Un bruyant battement d’ailes se fait entendre dans les myrtillers, un grand oiseau à robe noire et brune s’envole en tournoyant. Il va se déposer un peu plus loin et déjà, le calme est revenu. Aujourd’hui encore, il est possible de rencontrer le Grand Tétras dans les forêts des montagnes suisses.
Mais le plus grand de nos Tétraonidés (fig.1) est gravement menacé d’extinction en Suisse - les recensements de la Station ornithologique suisse le prouvent. Ses effectifs ont diminué quasiment de plus de moitié ces vingt dernières années et son aire d’extension s’est réduite à quelques fragments de terre isolés. Les causes en sont multiples: changements des structures de la forêt, dérangements accrus dus à la présence de l’homme, augmentation des ennemis naturels, changements climatiques, sont autant de facteurs qui s’interfèrent.
Si l’on veut sauvegarder la pérennité du Grand Tétras, il est indispensable d’engager des actions ciblées. Il faut surtout redonner à ce gallinacé les grands espaces dont il a besoin, mais aussi écarter de ces lieux les visiteurs en quête de loisirs. Certaines régions de Suisse ont prévu ou déjà réalisé des interventions forestières en faveur du Grand Tétras. Ces impératifs sont souvent pris en compte dans la planification de réserves naturelles et de réserves forestières particulières ou l’établissement de plans.
Une espèce parapluie
On peut se demander si un tel déploiement d’efforts se justifie pour sauvegarder une seule espèce d’oiseau. Pourquoi protégeons-nous spécialement le Grand Tétras et non pas telle ou telle espèce animale d’un autre groupe? Les actions en faveur du Grand Tétras seraient-elles préjudiciables à d’autres espèces? Dans la littérature, il y a longtemps déjà que le Grand Tétras est reconnu en tant qu’espèce indicatrice des forêts de montagne proches de l’état naturel et riches en espèces. Toutefois, les études scientifiques portant sur cette question sont rares.

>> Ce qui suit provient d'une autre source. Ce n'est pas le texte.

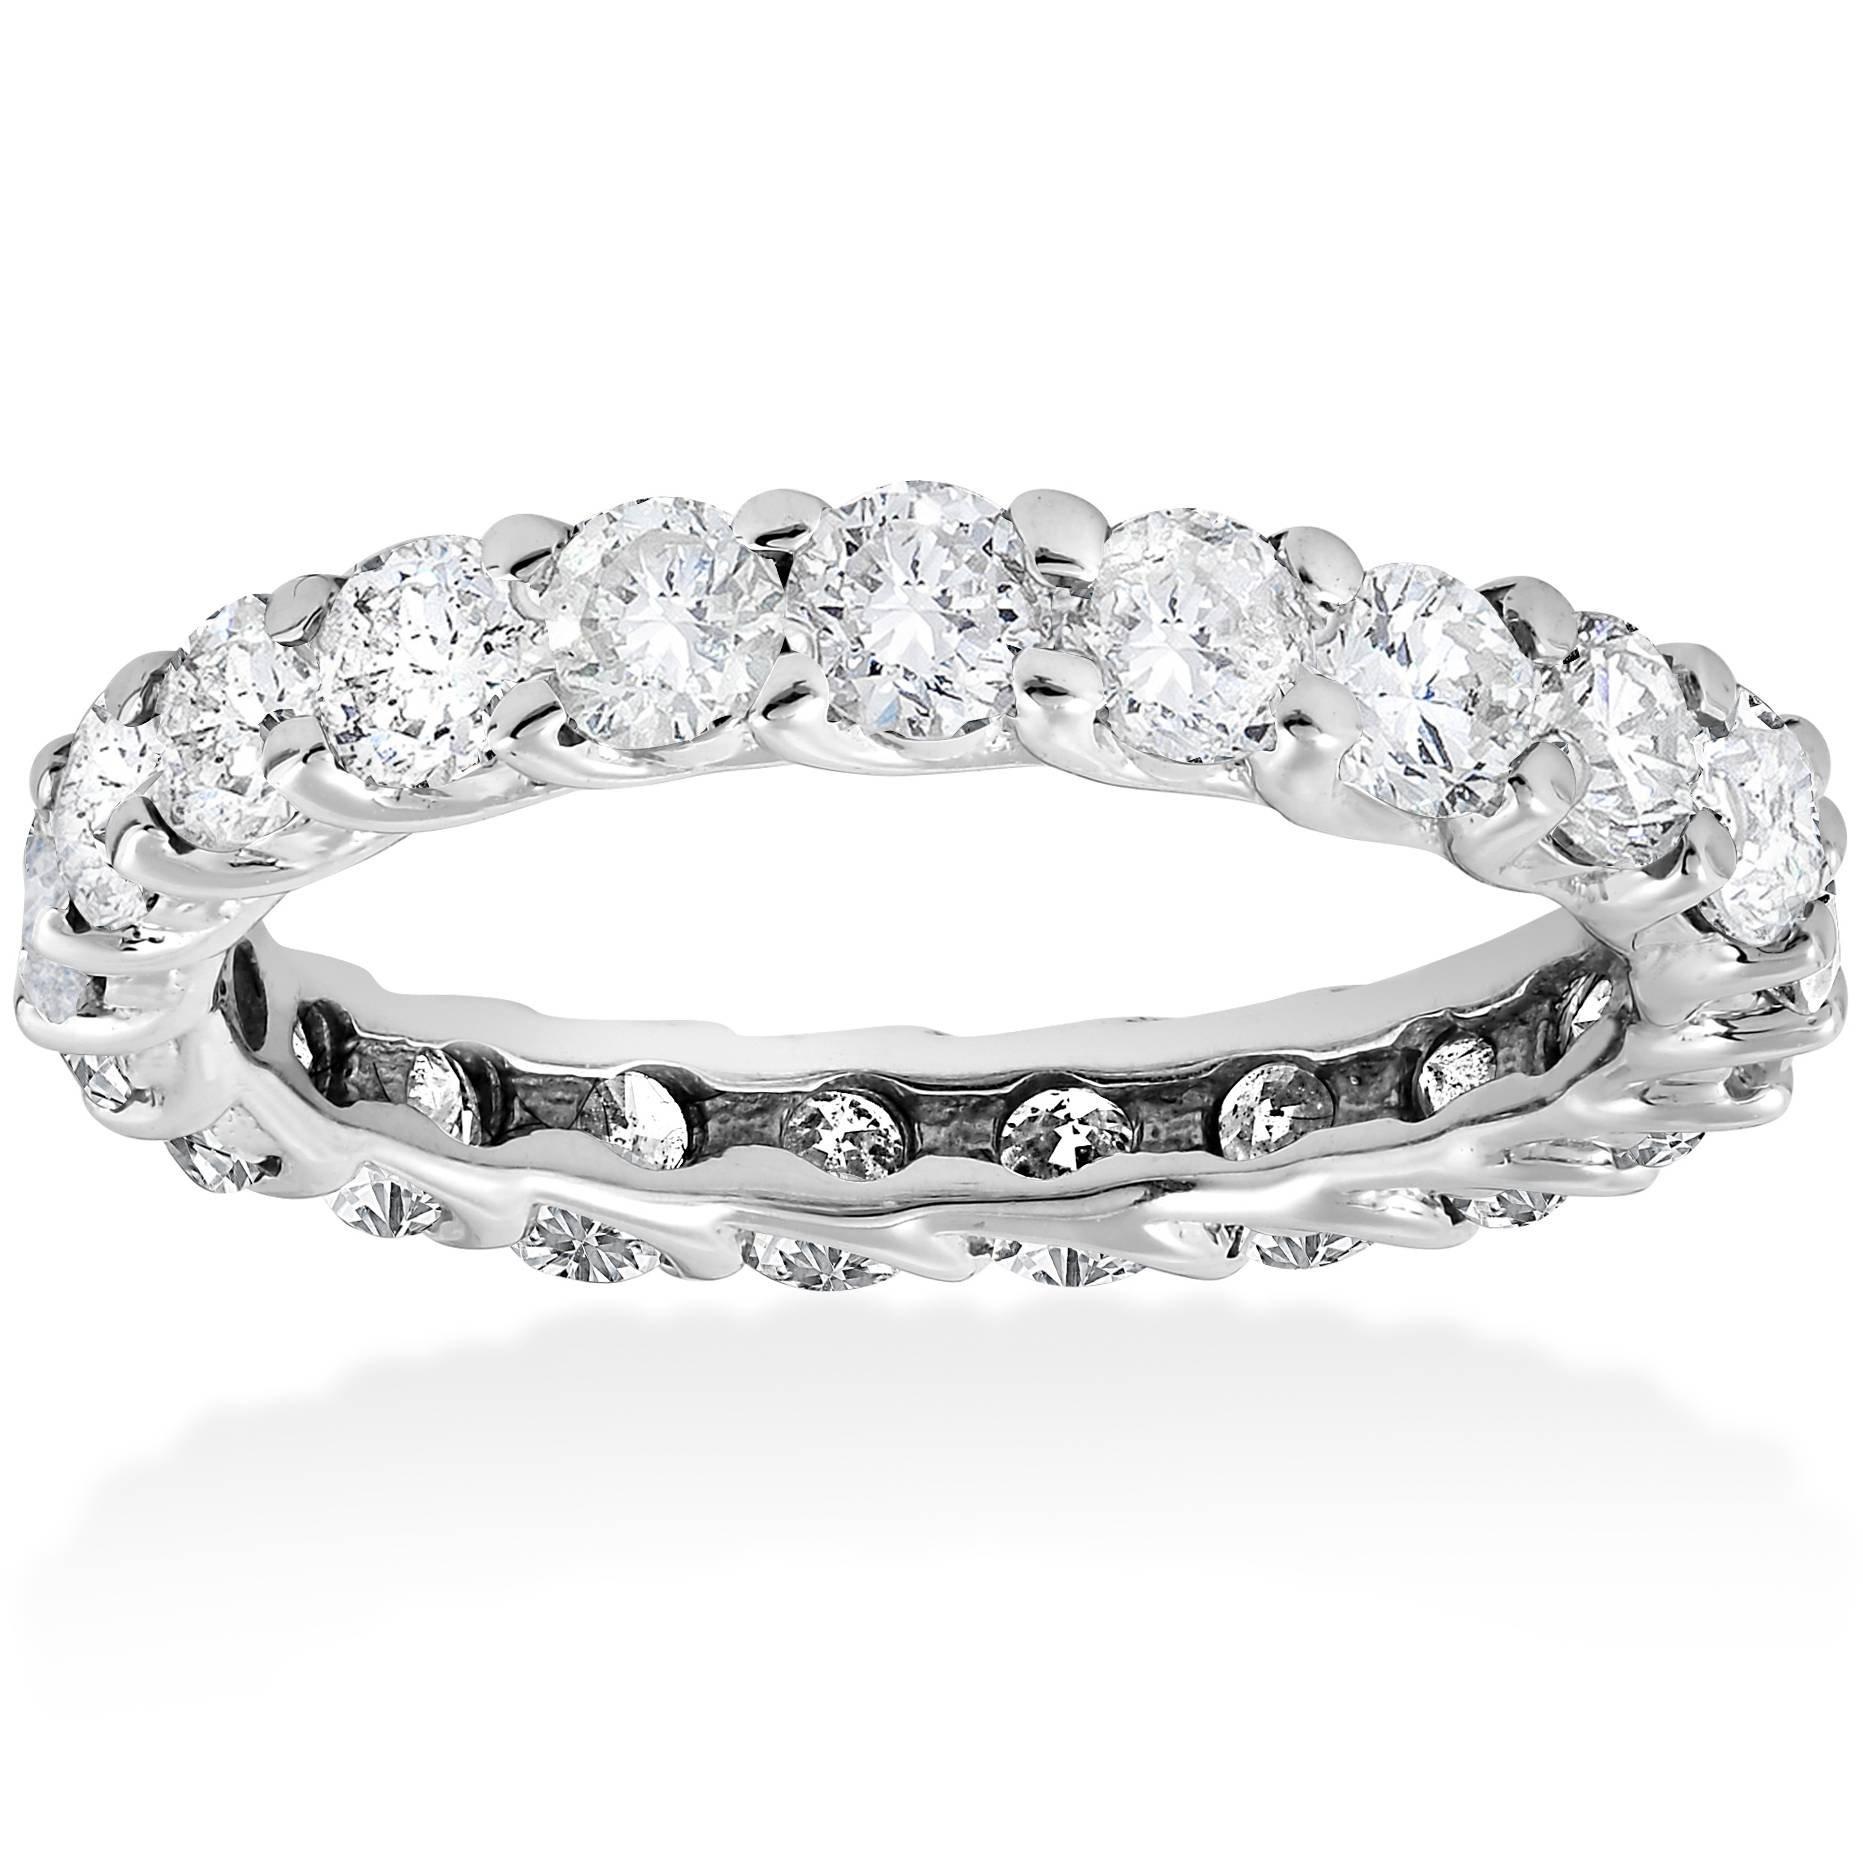 3ct Trellis Diamond Eternity Ring 14K White Gold

Nous avons donc examiné si le Grand Tétras était une espèce parapluie (voir l’encadré) pour le reste de l’avifaune. Nous désirions savoir s’il existe davantage d’espèces d’oiseaux dans les forêts où le Grand Tétras est encore présent que dans les zones voisines où il a disparu. A l’aide de l’Inventaire des Grands Tétras réalisé dans le canton de Schwyz (Hess 1997, rapport non publié), nous avons sélectionné systématiquement trente placettes d’observation de 25 ha chacune.
Nous les avons subdivisées en trois catégories intitulées Noyau de répartition du Grand Tétras, Autres zones colonisées par le Grand Tétras et Zones non colonisées. Nous avons veillé à ce que chaque catégorie montre des expositions, des altitudes et des proportions de forêt qui soient comparables. Sur les 30 placettes, nous avons recensé les oiseaux nicheurs à des endroits choisis au hasard. Leur présence a été notée sur la base d’observations visuelles et à l’écoute de leur cri et de leur chant. Afin de recenser les espèces plus difficiles à découvrir, comme les Tétraonidés et la Chouette chevêchette dont l’habitat est étendu, nous avons aussi noté des preuves indirectes, telles que les traces et les crottes. Nous les avons encore attirées en simulant leur chant.
Repères
Une espèce parapluie – en anglais umbrella species – , qui a diverses exigences écologiques, a besoin de grands espaces. Sa protection est donc aussi utile à de nombreuses autres espèces qui partagent le même habitat mais ne nécessitent pas autant d’espace.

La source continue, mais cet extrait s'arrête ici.